When Will US-Russia Relations Improve?


During an interview with Russian TV, Russian Prime Minister Dmitry Medvedev stated that currently relations between the U.S. and Russia are in the worst shape since the Brezhnev years. Is this so? Is there any prospect for improvement? Historian and expert on America Ivan Kurilla answers these questions.

The prime minister did not put it well by using the Brezhnev years as a starting point. The Brezhnev period was the least confrontational period during the Cold War and throughout the years of the Soviet Union. After Brezhnev, there was Andropov. During his short reign, relations with the U.S. managed to deteriorate sharply. Even with the boycott of the Olympics, the Brezhnev years were not the worst with regard to bilateral relations.*

Generally speaking, we really now have the worst relations with respect to rhetoric and diplomacy since the Cold War. Of course, there were worse periods during the Cold War; the situation was way more threatening, and both sides considered the possibility of direct military confrontation. Today, neither the U.S. nor Russia is considering such a possibility, although currently we have the worst relations since Perestroika.**

The current aggravation of U.S.-Russia relations is connected with the fact that both countries are undergoing domestic problems and identity crises. In the U.S., the crises became obvious with the beginning of Donald Trump’s presidency. In Russia, there is also a feeling of reaching a dead end or inability to determine a way forward for development. This has caused anxiety for both sides, and has affected the prospects for bilateral relations. How will countries change internally? I don’t see anything that Russia or the U.S. can do to improve their relationship.

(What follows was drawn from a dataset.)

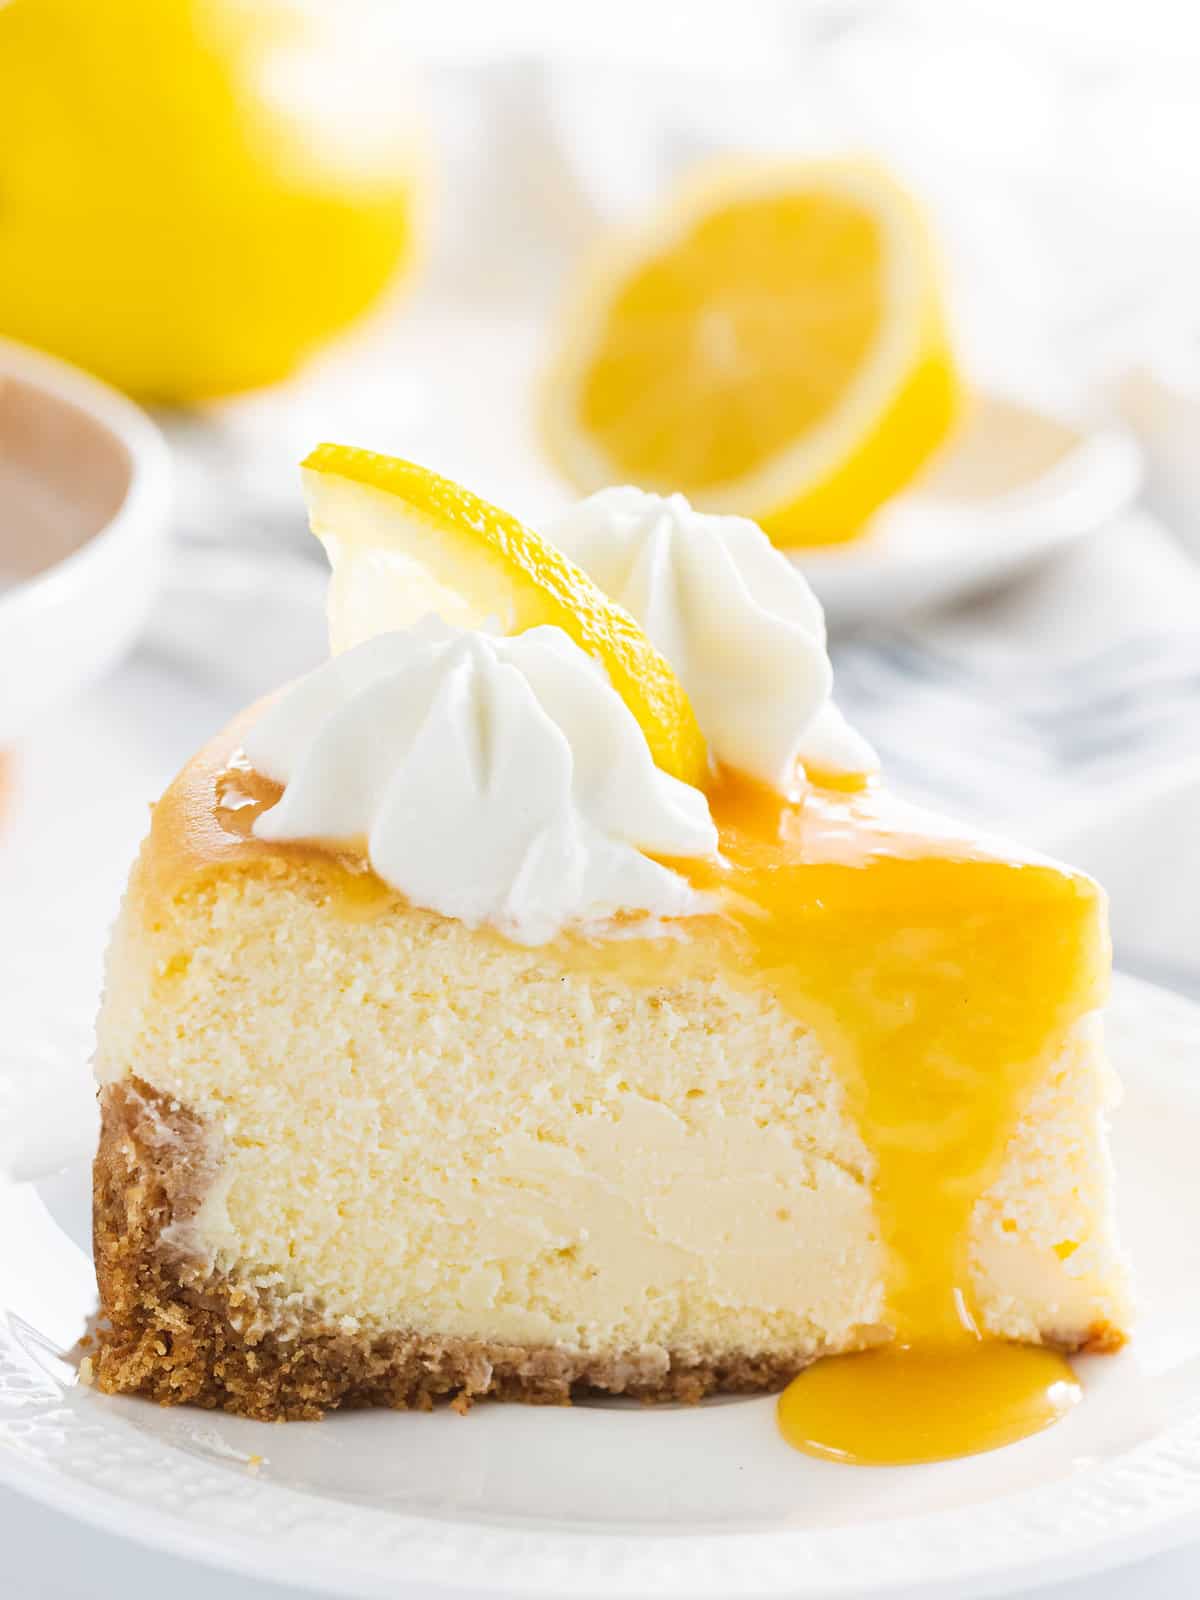 A slice of lemon cheesecake topped with lemon curd and lemon slices.

But there is something that can be done. For example, the U.S. and Russia can improve diplomatic relations by reopening closed consulates and increasing the number of diplomats. It’s clear that the question of sanctions is more complicated, but there is a need to first change the rhetoric. I’m repeating myself, but for that to happen, there is a need for certain domestic changes in each country. Americans must reprogram, find a new answer to the question of who they are. And Russians also have to make a choice. Relations will improve only when Russia can determine its future and can see where it’s going. Theoretically, this may happen after the elections. Technically, it is possible with the same president.

*Translator’s note: Leonid Brezhnev was a Soviet politician who led the Soviet Union from 1964 to 1982 as general secretary of the Central Committee of the Communist Party of the Soviet Union.

**Translator’s note: Perestroika was a political movement for reformation within the Communist Party of the Soviet Union from the 1980s to 1991, and was widely associated with Soviet leader Mikhail Gorbachev and his glasnost (openness) policy reform. The literal meaning of perestroika is restructuring, which refers to the restructuring of the Soviet political and economic system. It is sometimes argued that Perestroika was a cause of the Soviet Union’s dissolution, the revolutions of 1989 in Eastern Europe, and the end of the Cold War.